▸ **EXERCISE REQUIREMENTS**:
In your answer, reproduce exactly the lines from the beginning of the listing below through the one containing "Table basse classique", and only those lines.

▸ **DATA**:
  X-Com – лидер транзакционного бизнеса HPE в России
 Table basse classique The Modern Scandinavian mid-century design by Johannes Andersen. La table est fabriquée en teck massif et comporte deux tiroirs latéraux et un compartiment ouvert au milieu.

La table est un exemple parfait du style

▸ **ANSWER TO THIS PROBLEM**:
  X-Com – лидер транзакционного бизнеса HPE в России
 Table basse classique The Modern Scandinavian mid-century design by Johannes Andersen. La table est fabriquée en teck massif et comporte deux tiroirs latéraux et un compartiment ouvert au milieu.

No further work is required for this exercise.